All transactions with related parties were executed on an arm’s length basis, based on international comparable uncontrolled price methods in accordance with IAS 24 as customary with third parties outside the Group.
Liabilities to related parties did not comprise any liabilities from finance leases, as
in 2006. Receivables and liabilities existing as at the balance sheet date were comprised in receivables from and liabilities to non-consolidated Group companies and associated companies.
The income and expenses resulting from equity investments and financing were carried under the financial result for all consolidated companies and presented in the segment report for the individual divisions, together with a separate presentation of the earnings of associated companies by divisions.
As at the balance sheet date, the associated company Riu Hotels S.A. held 5.1% of the shares in TUI AG. Ms Carmen Riu Güell and Mr Abel Matutes Juan were members of TUI’s Supervisory Board and indirectly held 5.1% or 2.4%, respectively, of the shares in TUI AG.
In accordance with IAS 24, key management functions within the Group, the Executive Board and the Supervisory Board, were related parties whose remuneration had to be listed separately.

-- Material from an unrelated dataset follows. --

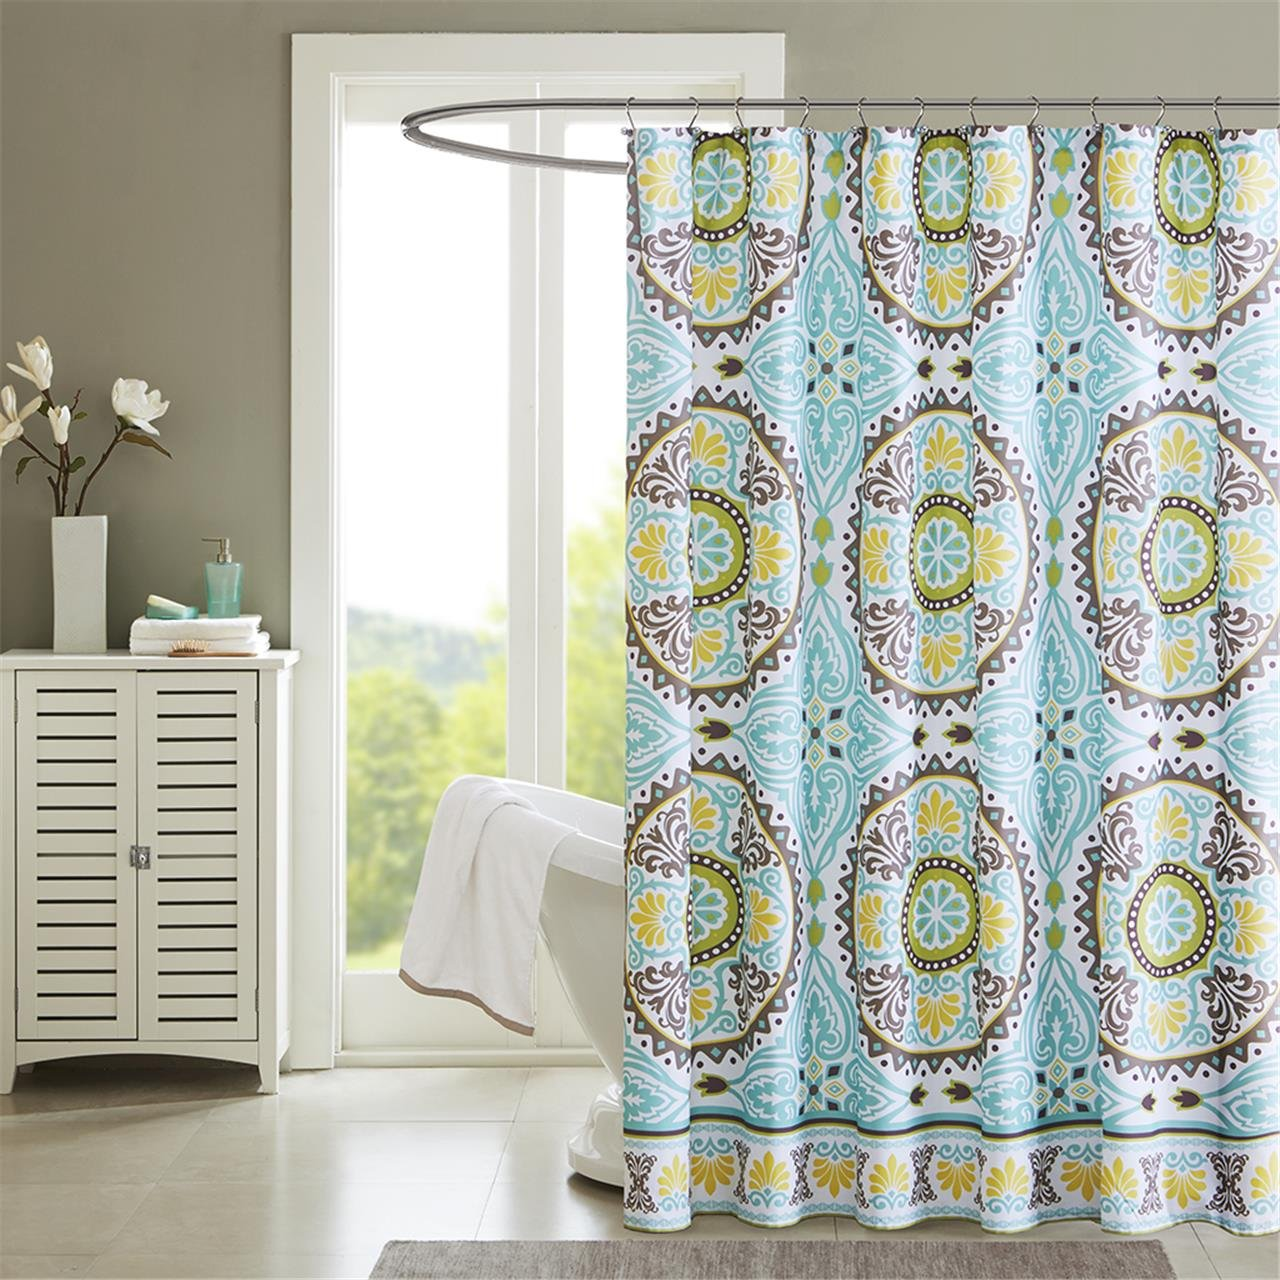 Amazon.com: Madison Park MP70-1921 Samara Shower Curtain 72x72 Aqua ...

| € million | 2007 | 2006 |
|---|---|---|
| Short-term employee benefits | 16.8 | 8.8 |
| Post-employment benefits | 0.5 | 2.0 |
| Other long-term employee benefits | 1.1 | 0.5 |
| Termination benefits | 0.9 | 5.3 |
| Share-based payment | 1.2 | – |
| Total | 20.5 | 16.6 |
|
|
© TUI AG Geschäftsbericht 2007 |
The benefits upon termination of the employment relationship were current pension costs recognised for active Board members in the respective financial year in the framework of the transfers to pension provisions. In accordance with the Corporate Governance Code, these expenses do not represent remuneration of the Executive Board. Termination benefits included an amount of € 0.1 million for the formation of a provision.